На самом деле у Панина имелась важнейшая причина примкнуть к заговору: он мечтал, чтобы на трон сел сын Екатерины, его воспитанник Павел, а Екатерина стала бы при нем регентшей. Это было тайным условием его участия в заговоре. Как мы узнаем в дальнейшем, он мечтал воспитать Павла просвещенным монархом, который подарит России конституцию и верховенство закона.
Юная Дашкова пугала заговорщиков своим темпераментом… Но отказаться от ее участия было бы безумием, ведь она каждый день общалась с сестрой – любовницей Петра и дядей-канцлером, главой правительства. Через нее заговорщики знали буквально о каждом шаге во вражеском лагере.

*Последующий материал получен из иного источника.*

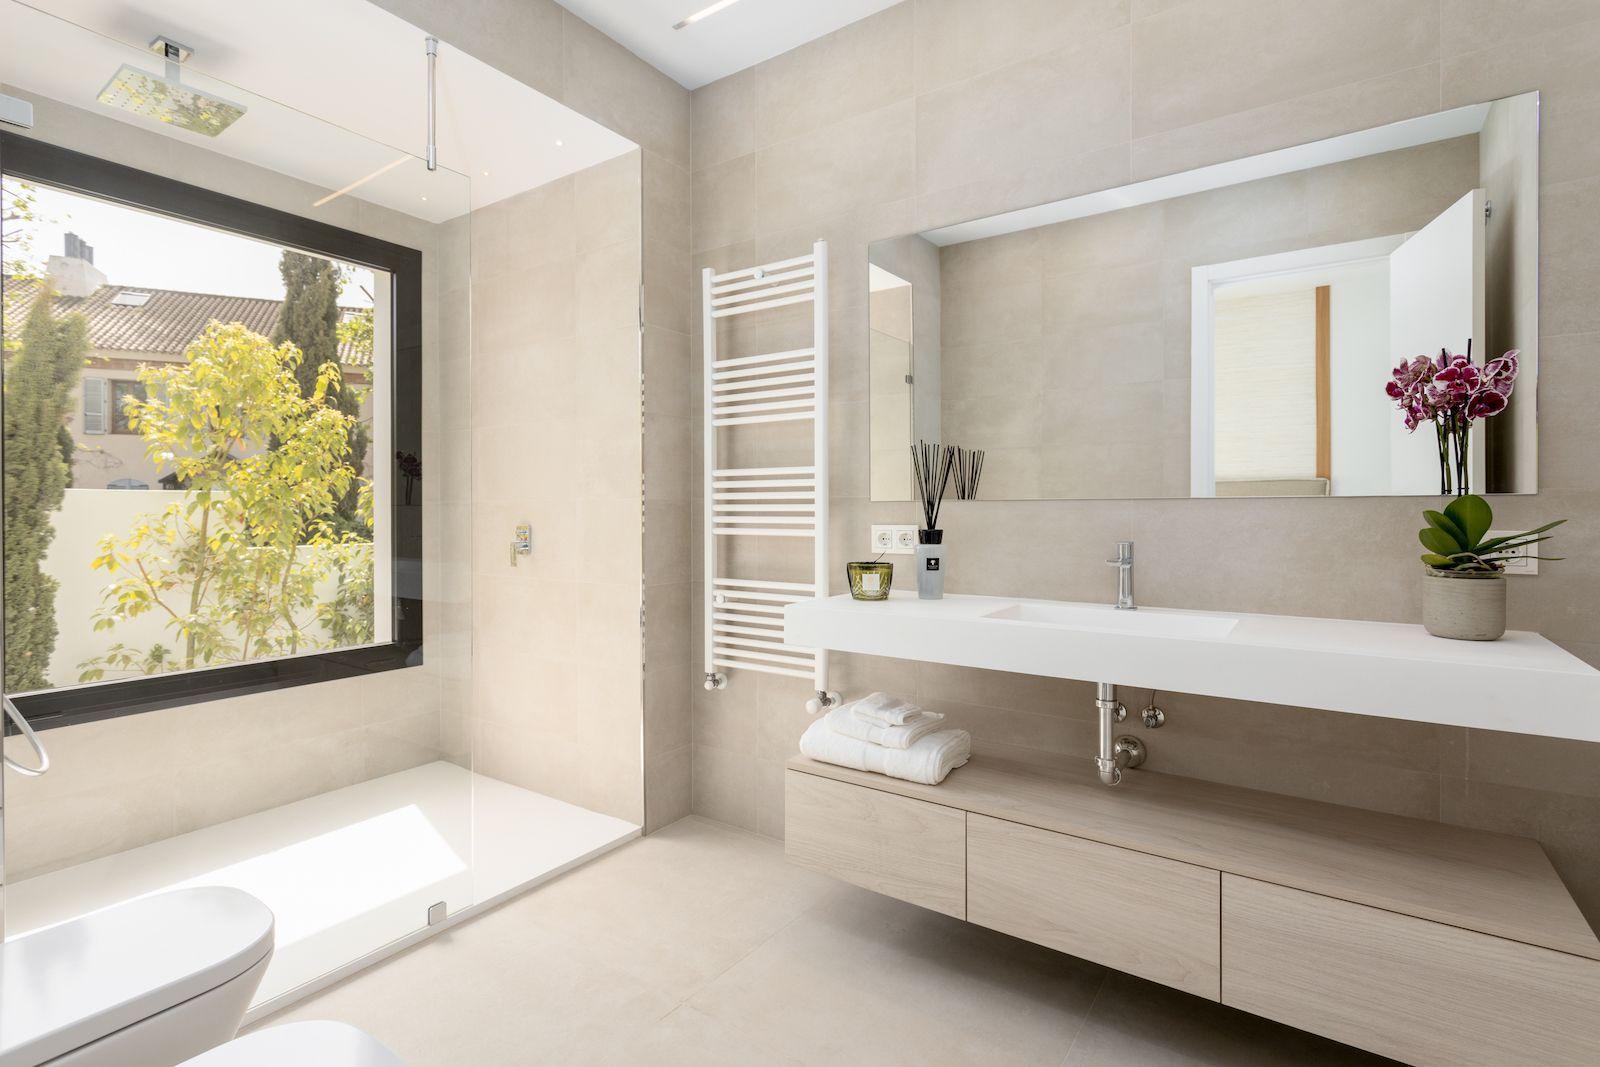 Villa en venta en Marbella zona San Pedro de Alcántara

Кроме того, она страстно распространяла нужные слухи о Петре Третьем: «Я… ясно видела, чего должна была ожидать Россия от наследника – человека, погруженного в самое темное невежество, не заботящегося о счастье его народа, готового управлять с одним желанием – подражать прусскому королю, которого он величал в кругу своих голштинских товарищей не иначе как «король, мой господин». И ей верили, зная ее близость к трону.
Заговорщик… Петр Третий!
Но самым успешным заговорщиком оказался… сам несчастный Император. Несмотря на все свои благодетельные реформы, Петр Третий делал все, чтобы о них забыли, чтобы заговор победил…

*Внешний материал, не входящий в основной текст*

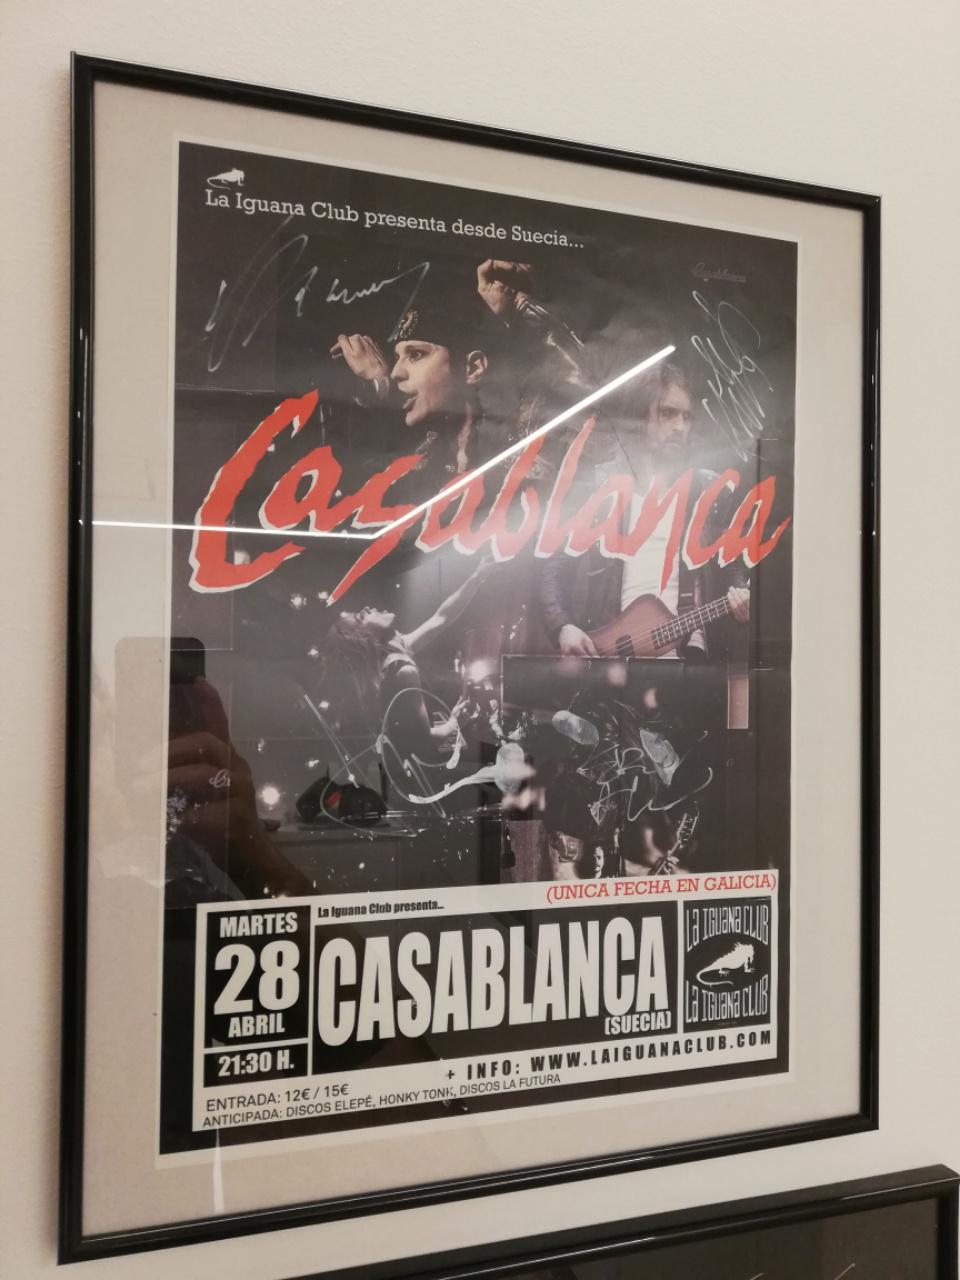 CASABLANCA - El grupo, no la película ni la ciudad ni el piso de Obama ni el trío de Madrid ni el sello discográfico - Página 8 Img_2013

Началось это с первых дней царствования. Нескончаемая церемония похорон тетки-Императрицы казалась Петру нелепой. Он не умел притворяться, не хотел понимать, что это умение – важнейшая обязанность властителя. Он открыто скучал на похоронах Императрицы Елизаветы, в то время как жена Екатерина умело скорбела – изливала потоки слез, и казалось, этот водный резервуар бездонен. Петр – лютеранин, до приезда в Россию воспитывался в лютеранской стране. И поклонение иконам («доскам») и мощам давно умерших святых – все это казалось ему диким. Находясь в церкви и стараясь унять душивший смех, он корчил рожи, перемигивался с голштинцами, оскорбляя молившихся русских… В это же время прирожденная отличница и великолепная актриса Екатерина, выучившая православные обряды, усердно их выполняла.
Не дремала и Церковь, которую Петр восстановил против себя своими указами… В результате родился опаснейший слух, который умело поддерживали заговорщики: будто Петр решил уничтожить отеческое православие. Так объясняли все его прогрессивные законы о свободе вероисповедания, о запрещении преследований раскольников, о секуляризации церковных земель. Говорили, что Царь так ведет себя в церкви, потому что ненавидит истинную веру и оттого преследует «истинно православную жену» (кстати, «истинно православная», став Императрицей, проведет ту же секуляризацию, но не забудет при этом славить православие, усердно молиться и ходить на богомолье).
Но самым страшным для репутации Петра оказалось «второе чудо Бранденбургского дома» – как назвал его Фридрих Великий. Императрица Елизавета скончалась. Мир с поверженным Фридрихом, возвращение земель, захваченных русским войском, – этого не могли простить ему ни армия, ни гвардия, ни общество. В отдельном параграфе мирного договора с Фридрихом говорилось: «…оба государя, искренне желая соединиться еще теснее для безопасности своих владений и для взаимных выгод, согласились приступить немедленно к заключению союза». Это был новый военный союз со вчерашним врагом против вчерашних друзей – Дании и Австрии.